> **About this task**: Below is a listing with pictures. Repeat exactly the lines starting at the one holding "newborn photographer in" and going on through the one holding "Sports bra designs", and leave every picture out.

> **Data for the task**:
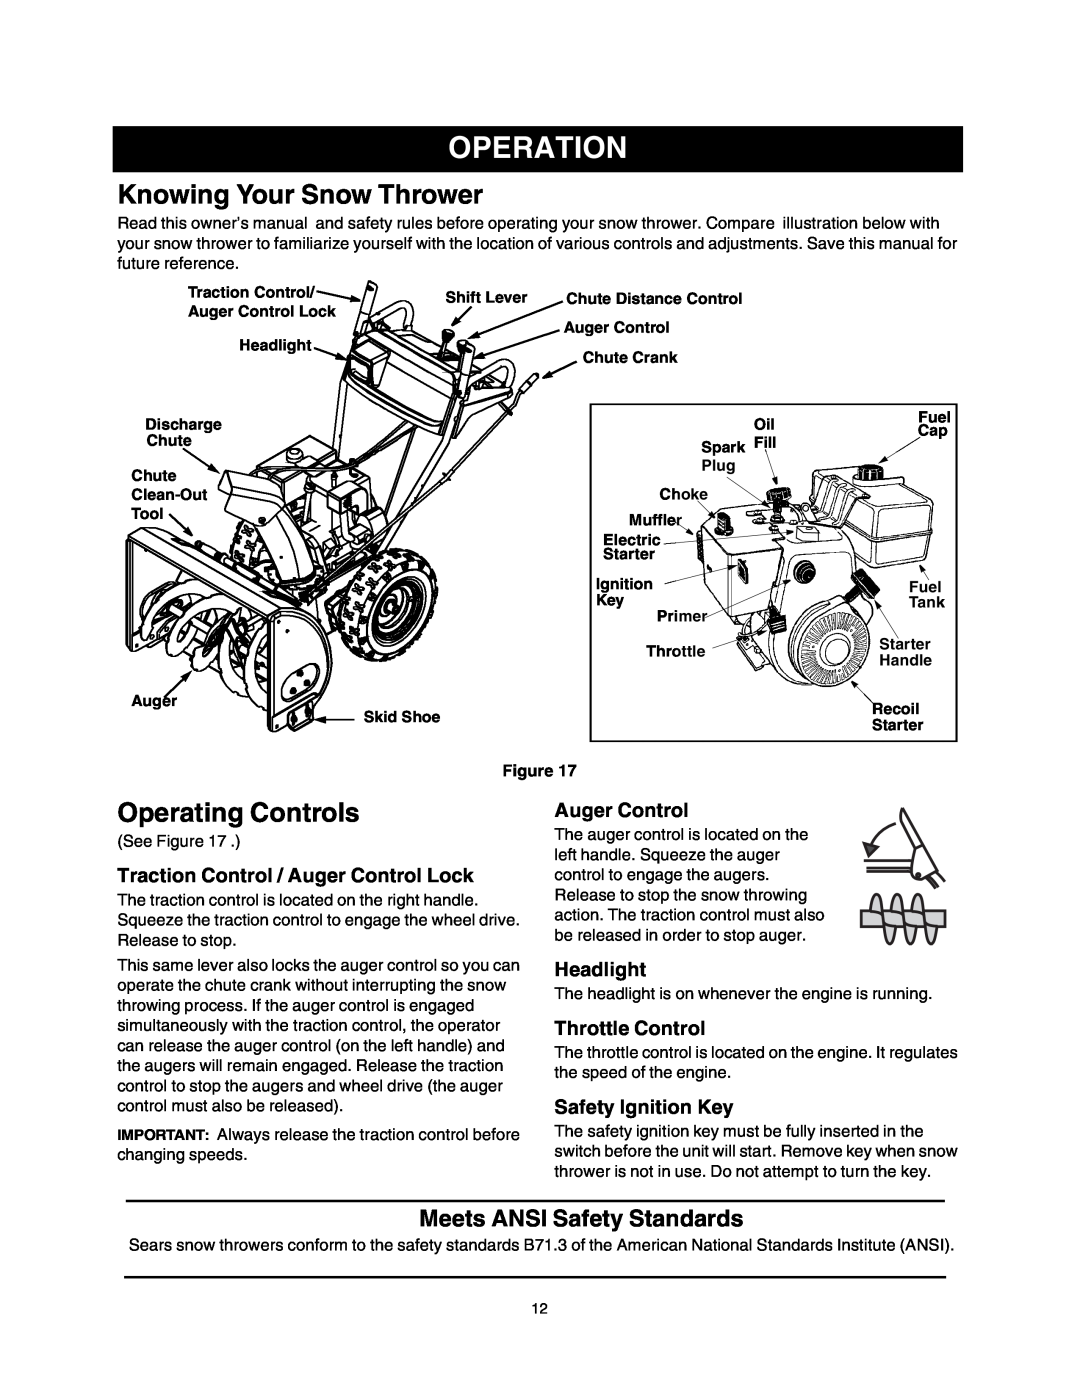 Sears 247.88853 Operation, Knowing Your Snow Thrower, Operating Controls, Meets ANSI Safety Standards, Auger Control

...

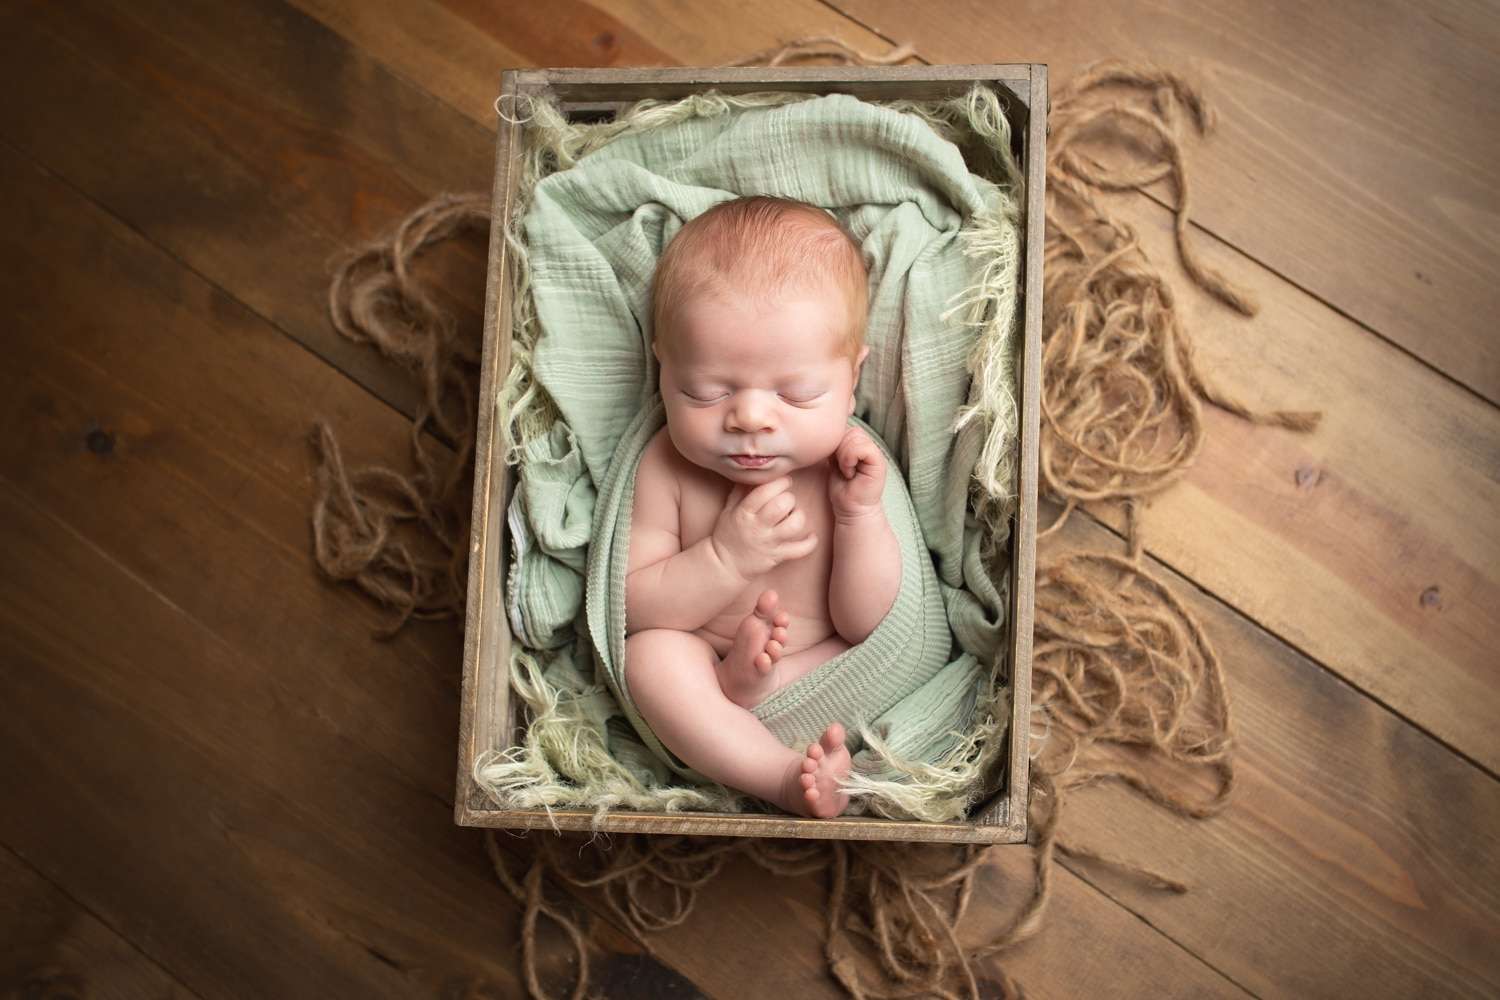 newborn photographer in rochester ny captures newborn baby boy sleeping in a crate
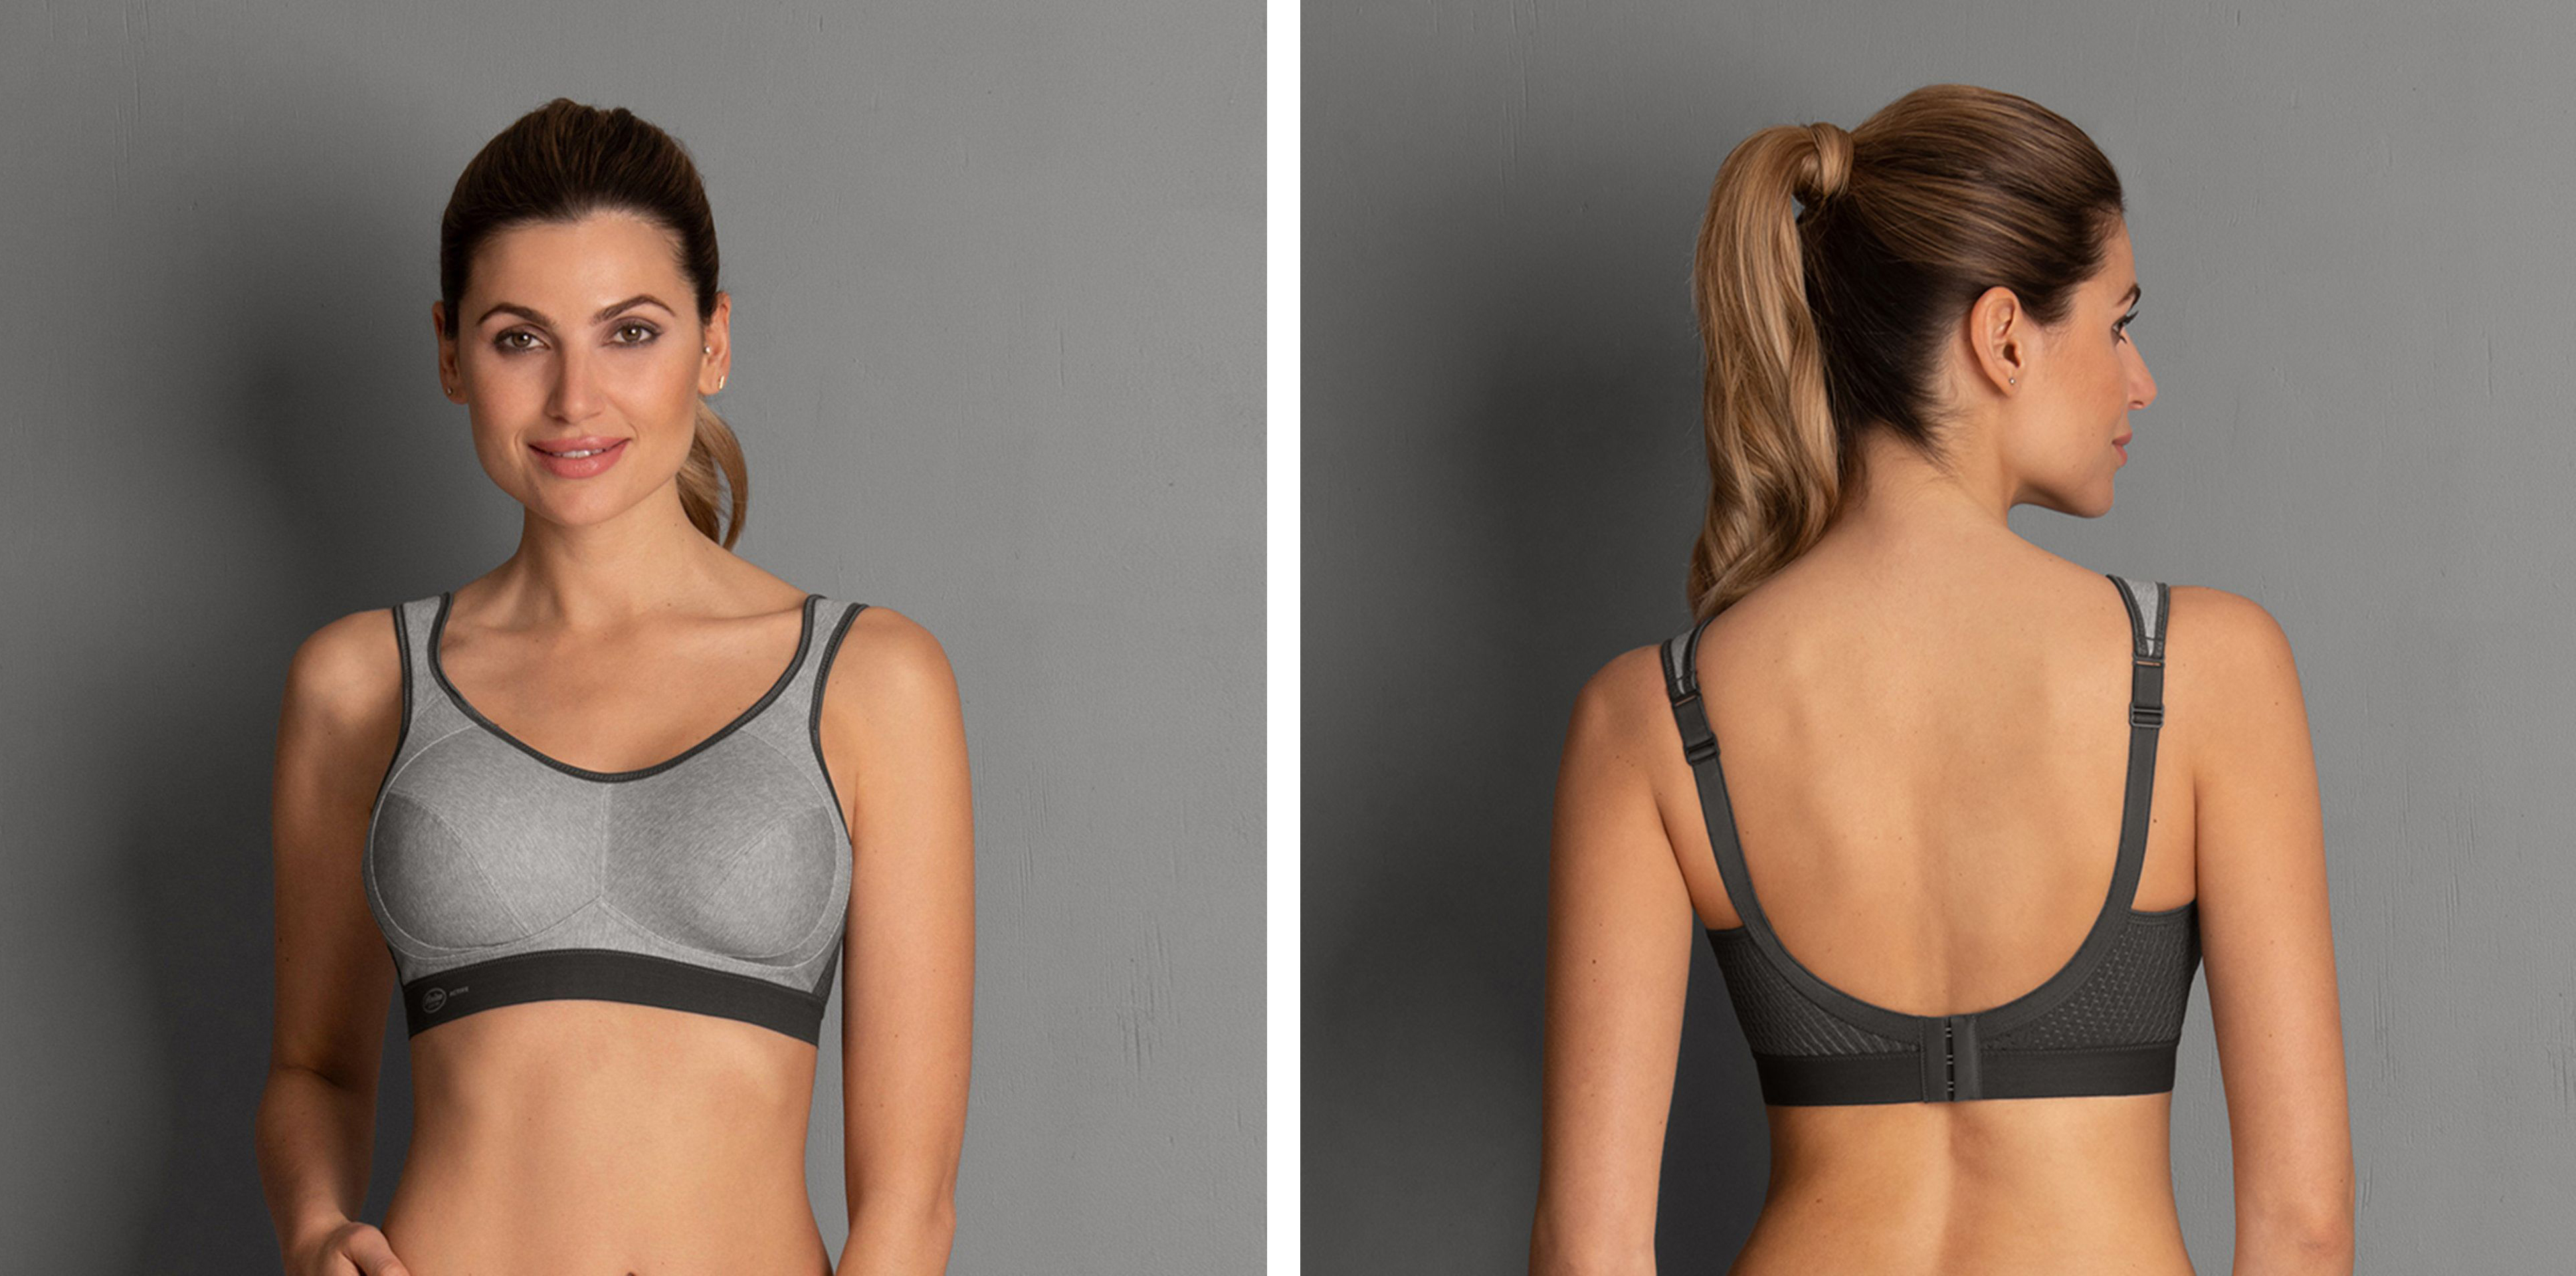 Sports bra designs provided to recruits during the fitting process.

--

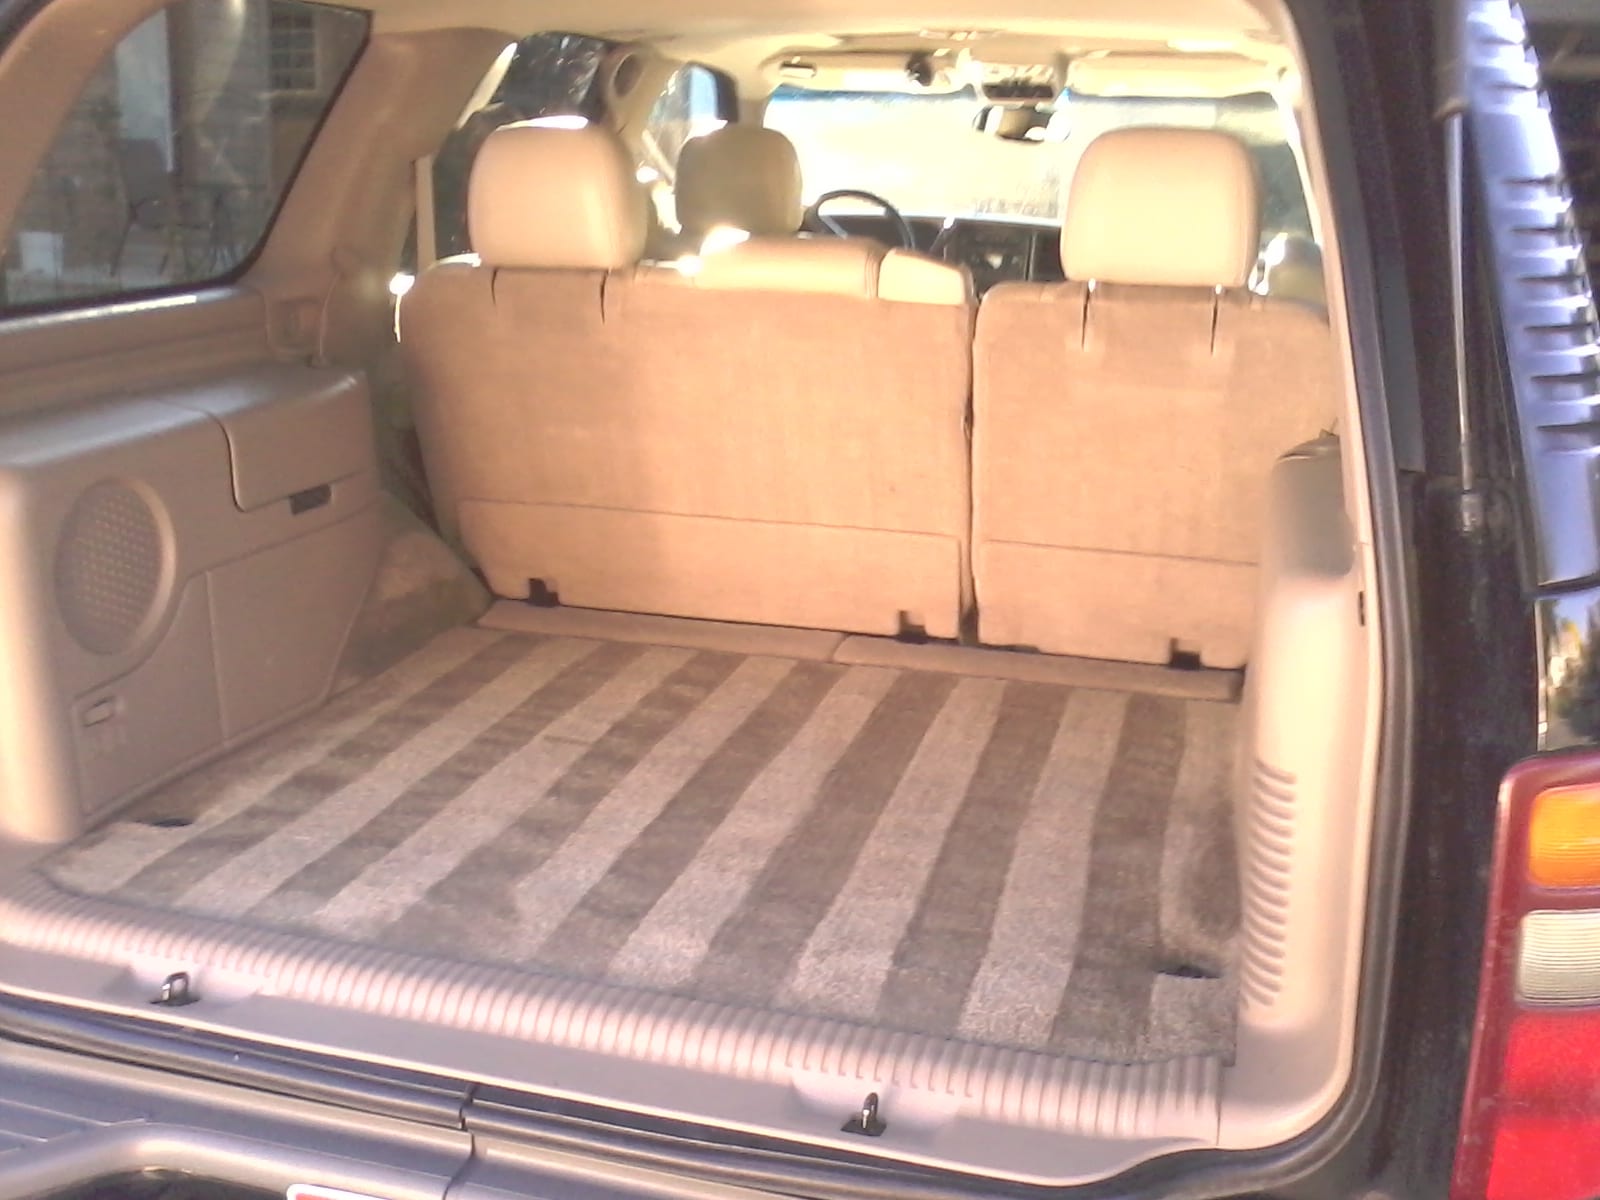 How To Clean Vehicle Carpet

> **Response to the exercise**:
 newborn photographer in rochester ny captures newborn baby boy sleeping in a crate
 Sports bra designs provided to recruits during the fitting process.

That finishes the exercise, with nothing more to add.